*** Material provided ***

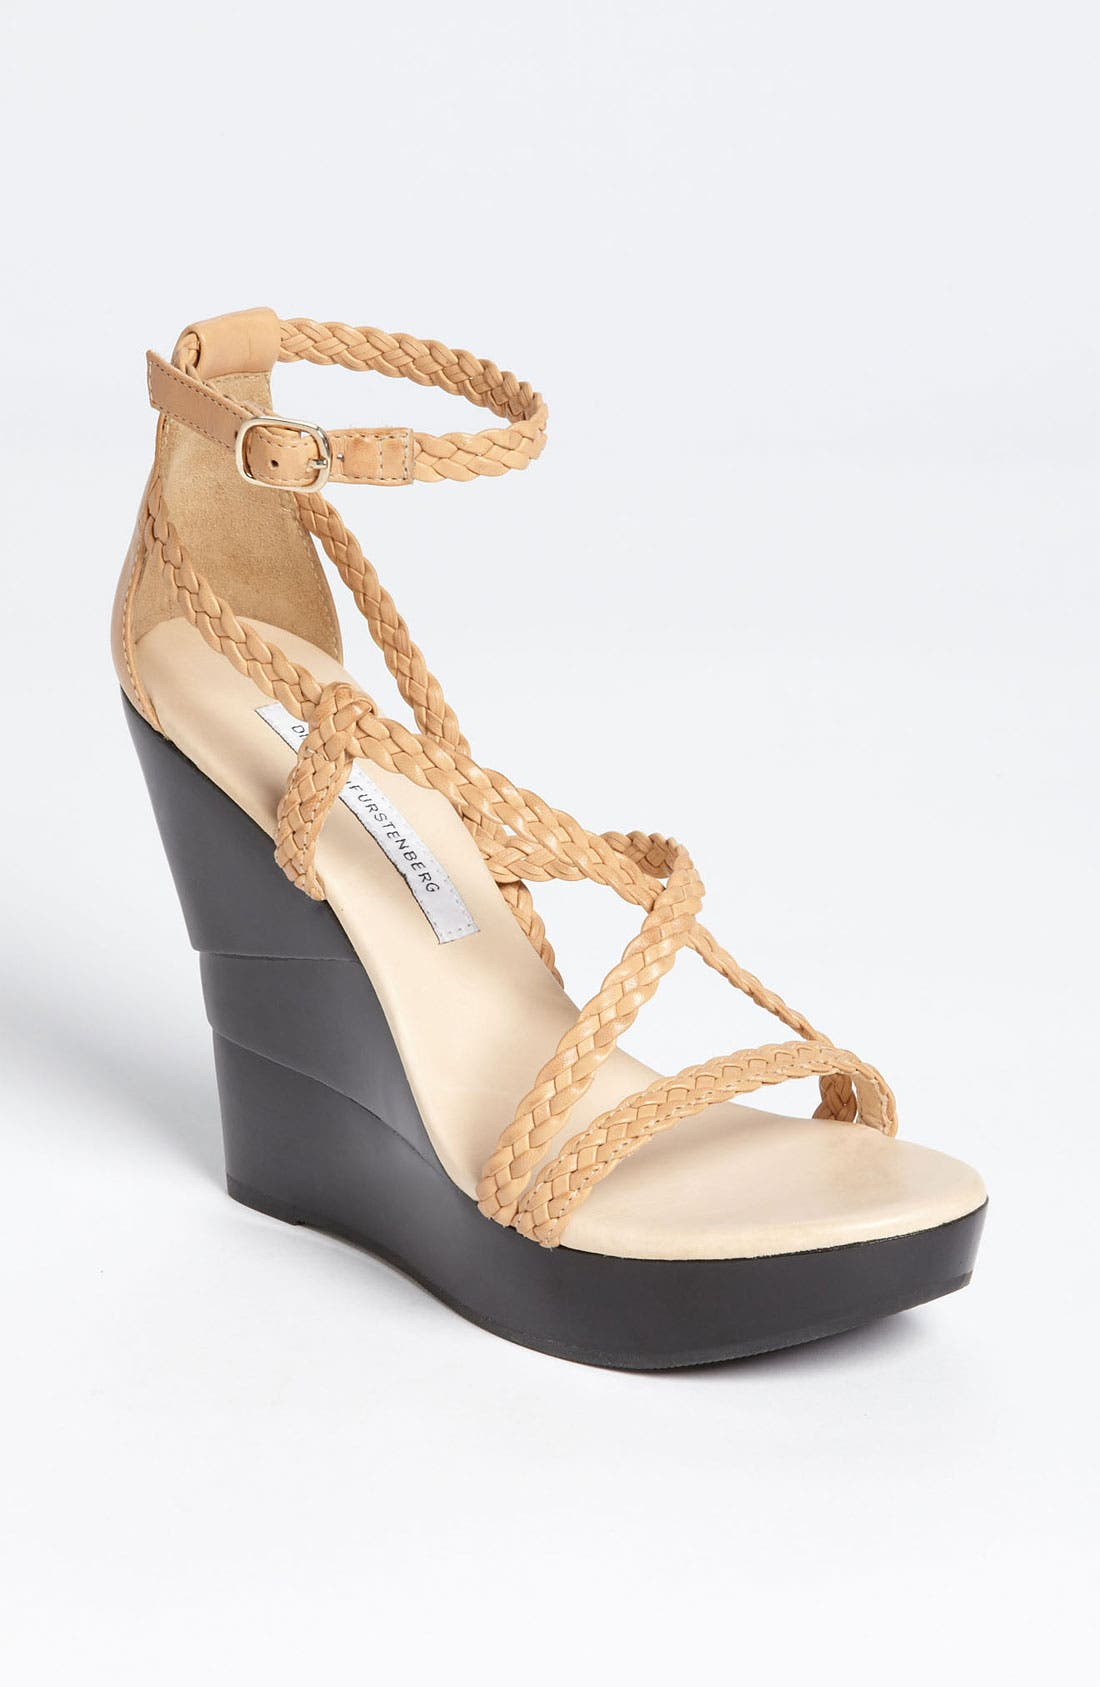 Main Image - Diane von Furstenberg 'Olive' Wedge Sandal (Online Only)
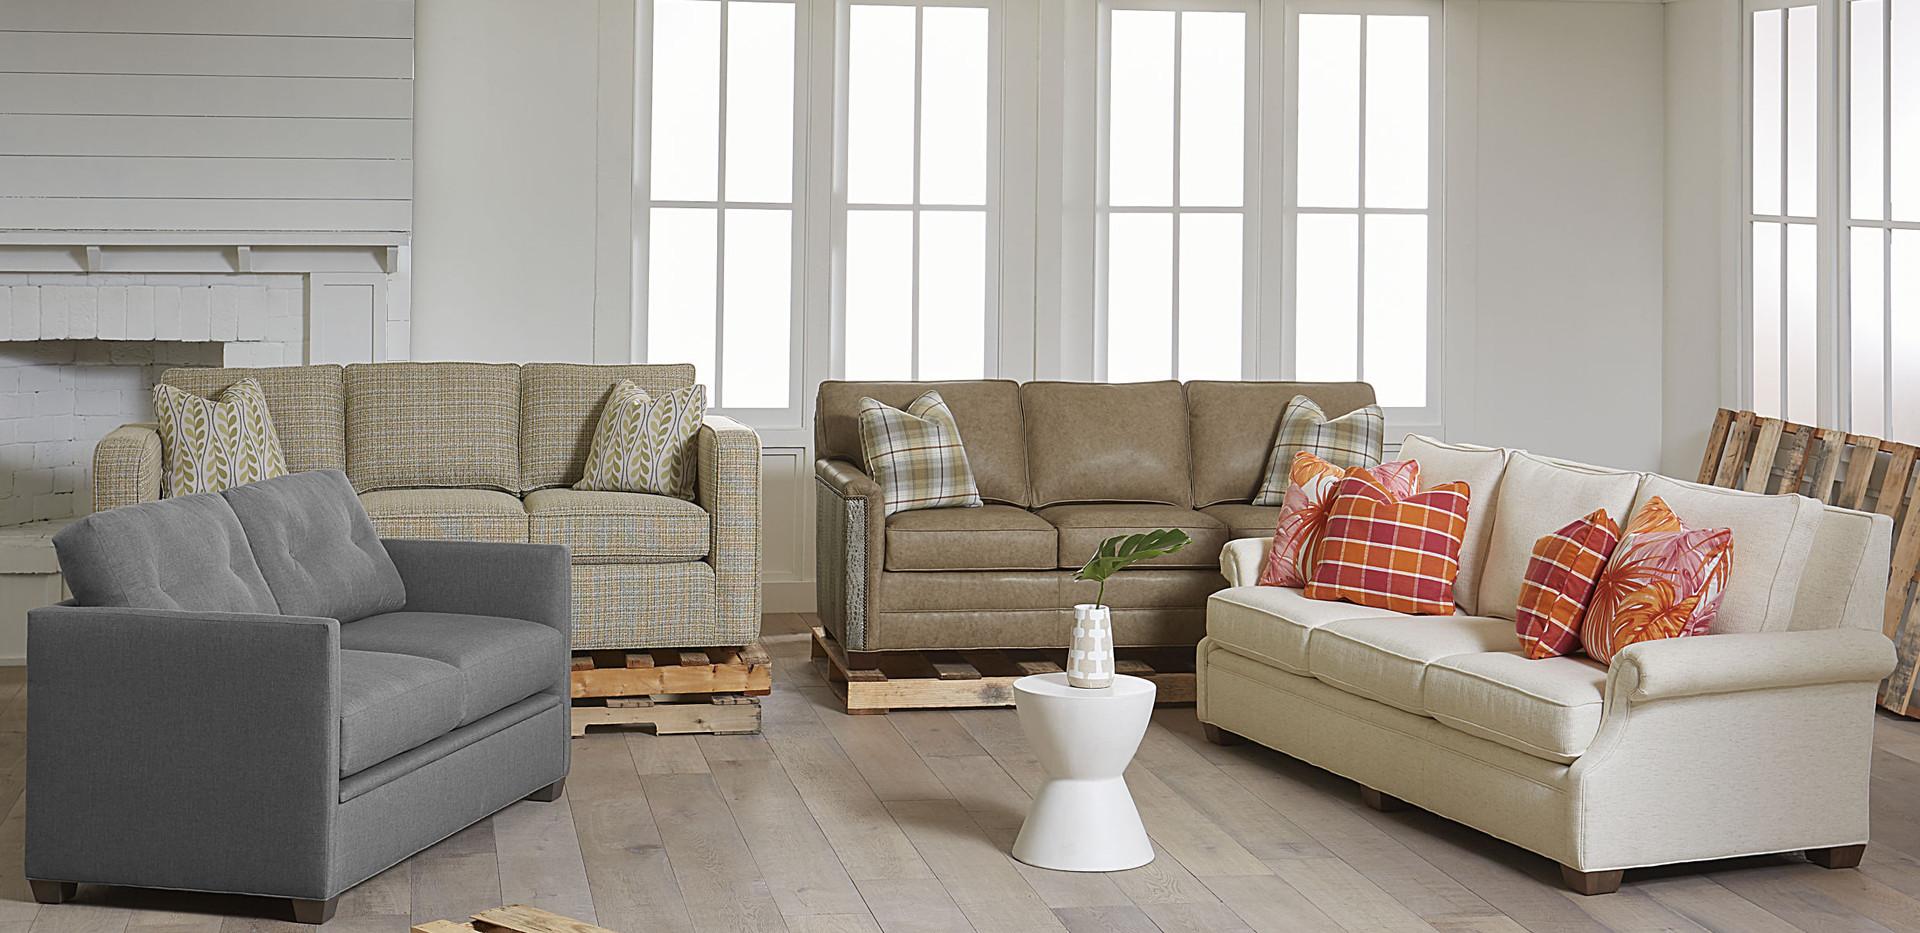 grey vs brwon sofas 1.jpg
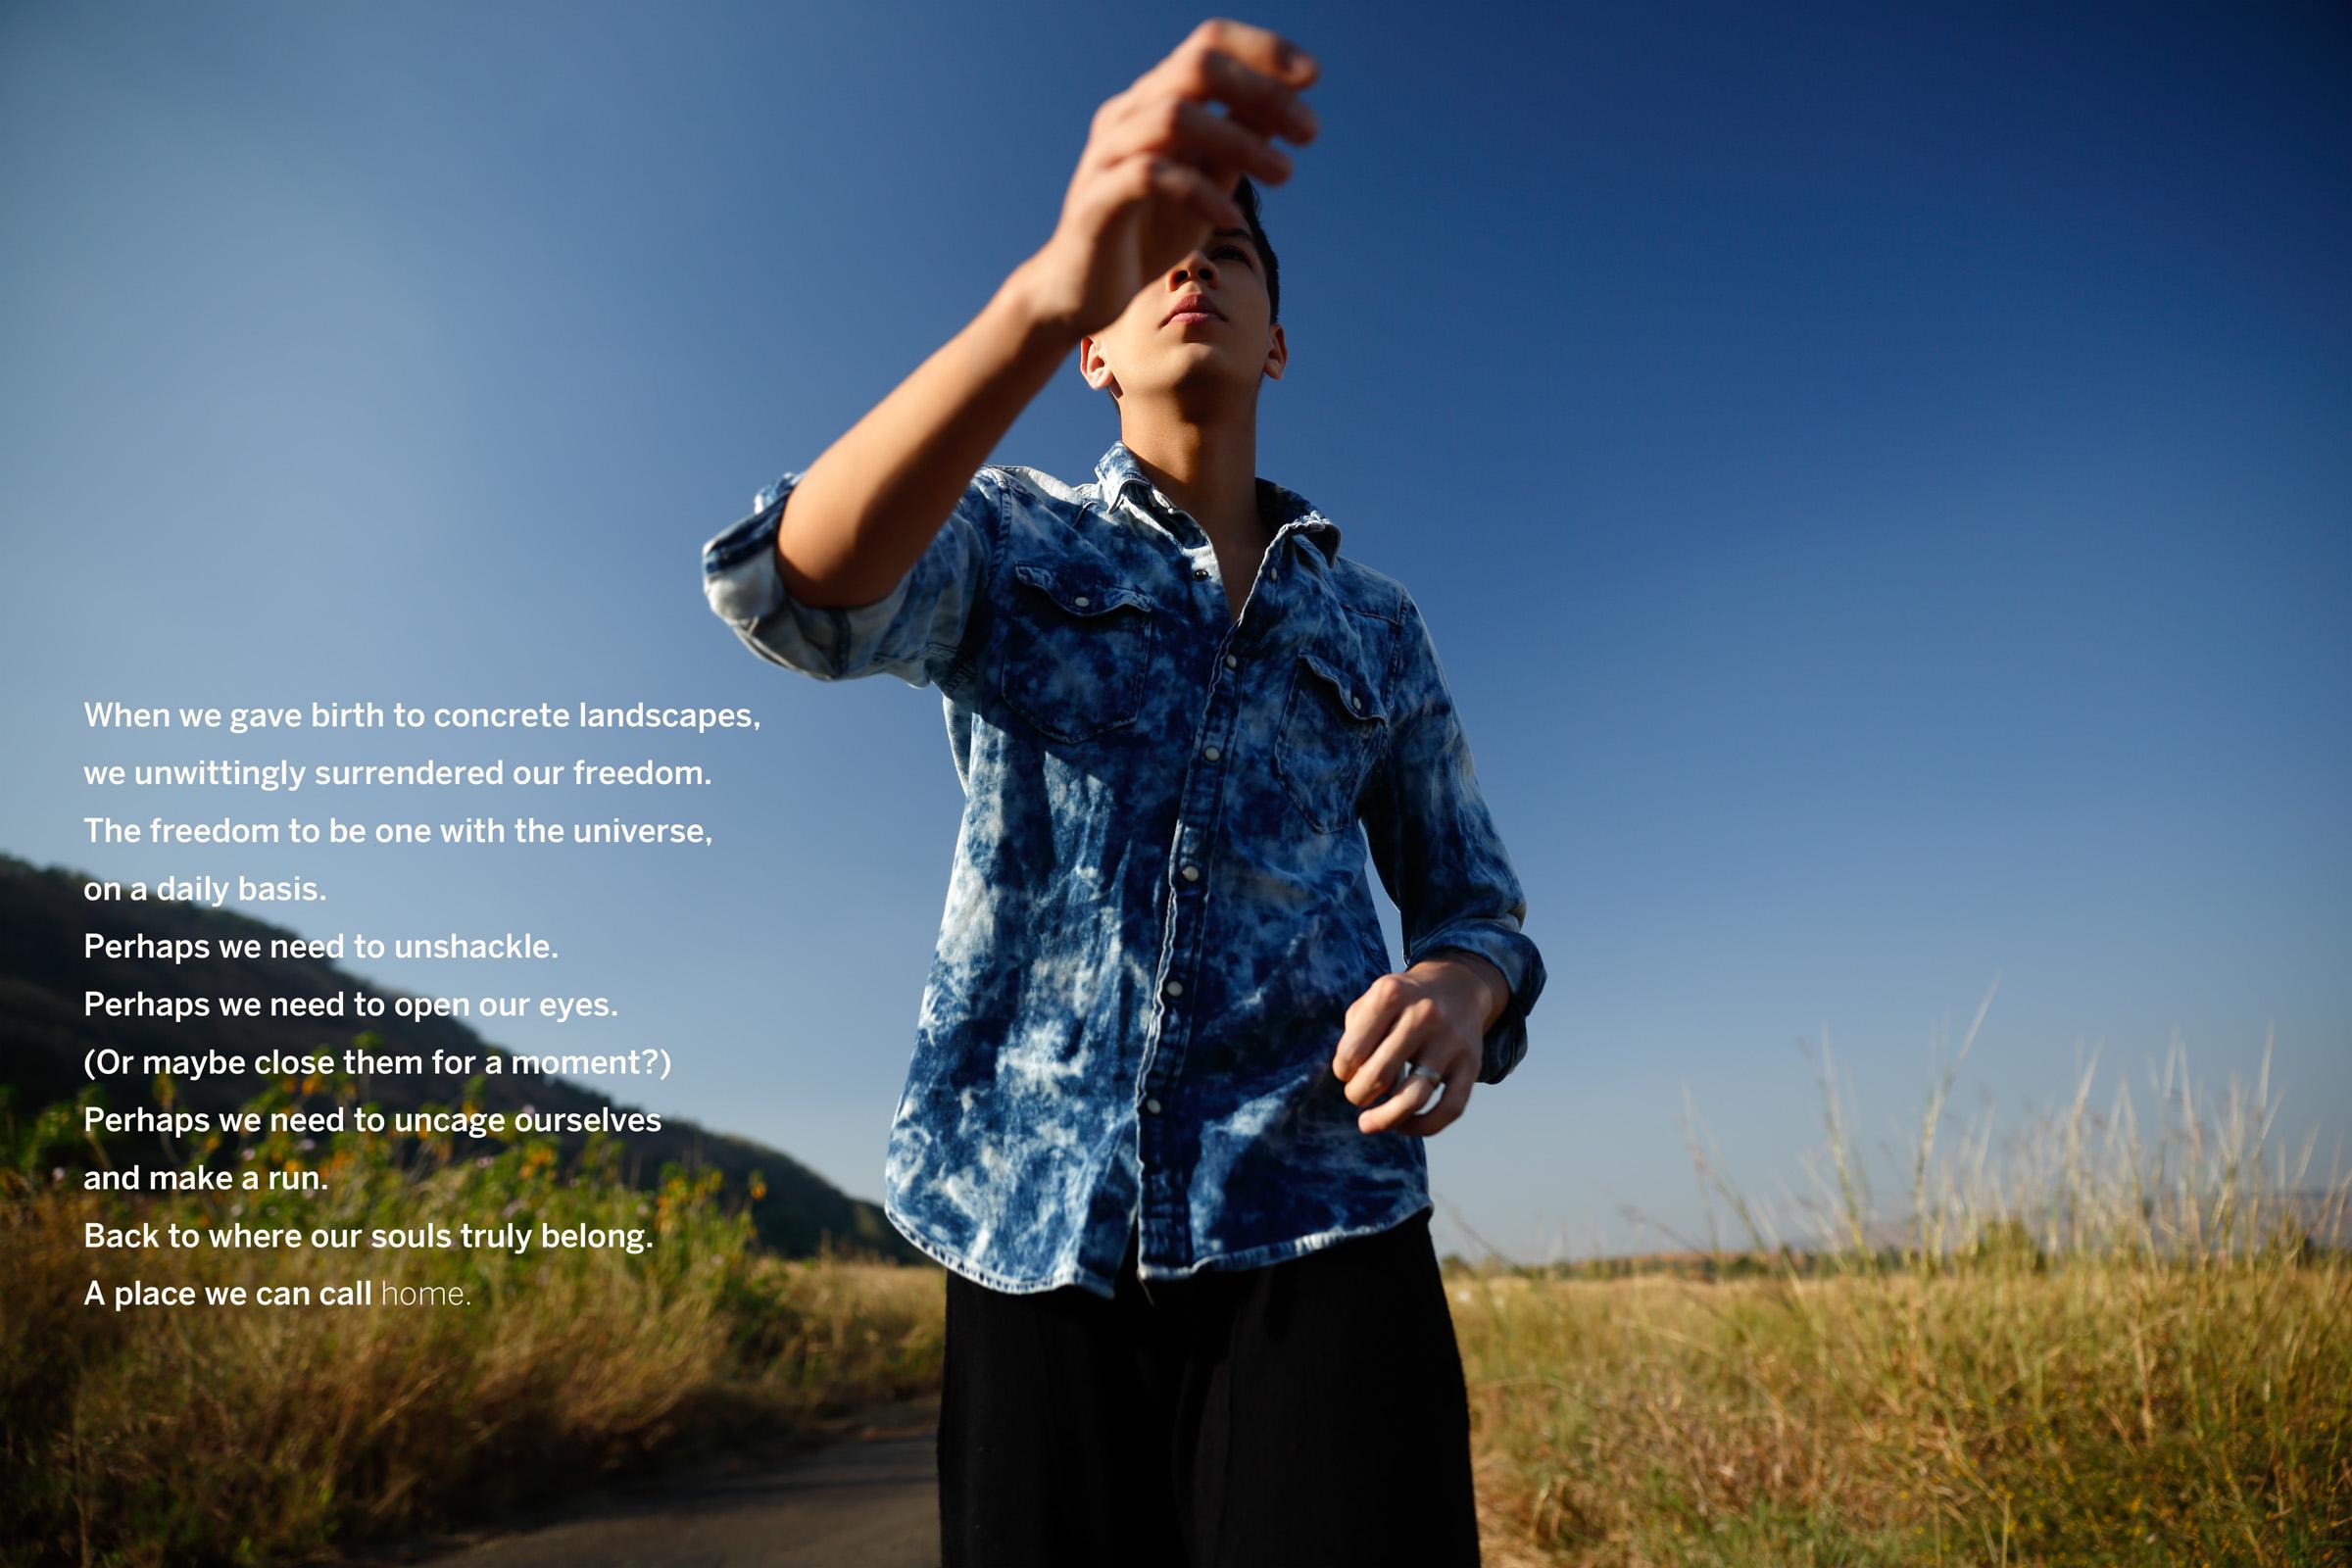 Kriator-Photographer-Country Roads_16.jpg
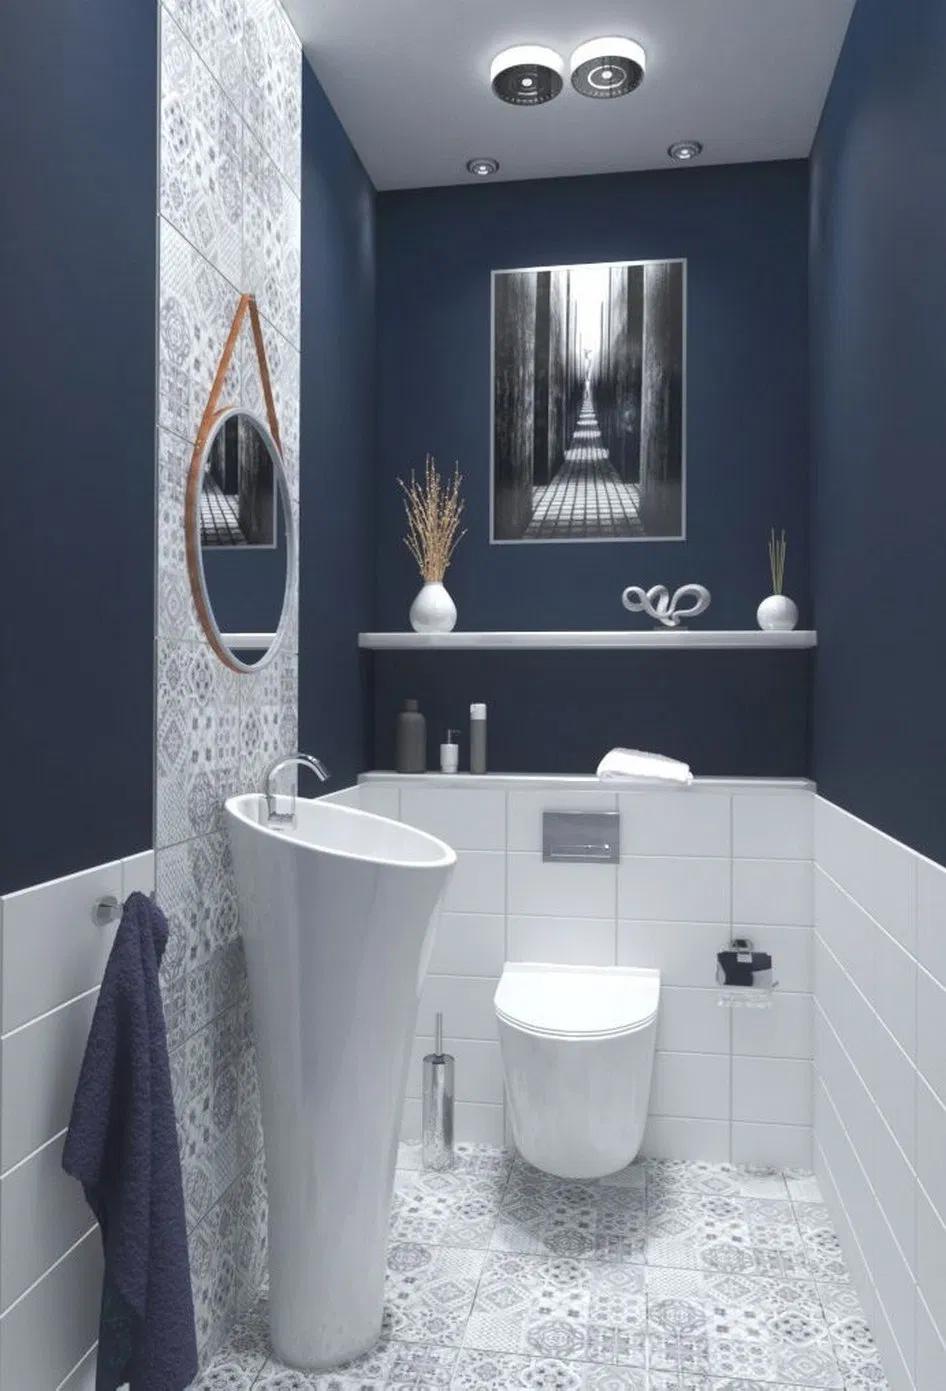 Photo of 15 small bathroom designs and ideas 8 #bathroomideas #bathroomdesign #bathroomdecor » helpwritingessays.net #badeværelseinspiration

*** End of Material provided ***

**Problem**. Repeat every line of the data exactly, but do not include pictures.

**Task solution**.
 Main Image - Diane von Furstenberg 'Olive' Wedge Sandal (Online Only)
 grey vs brwon sofas 1.jpg
 Kriator-Photographer-Country Roads_16.jpg
 Photo of 15 small bathroom designs and ideas 8 #bathroomideas #bathroomdesign #bathroomdecor » helpwritingessays.net #badeværelseinspiration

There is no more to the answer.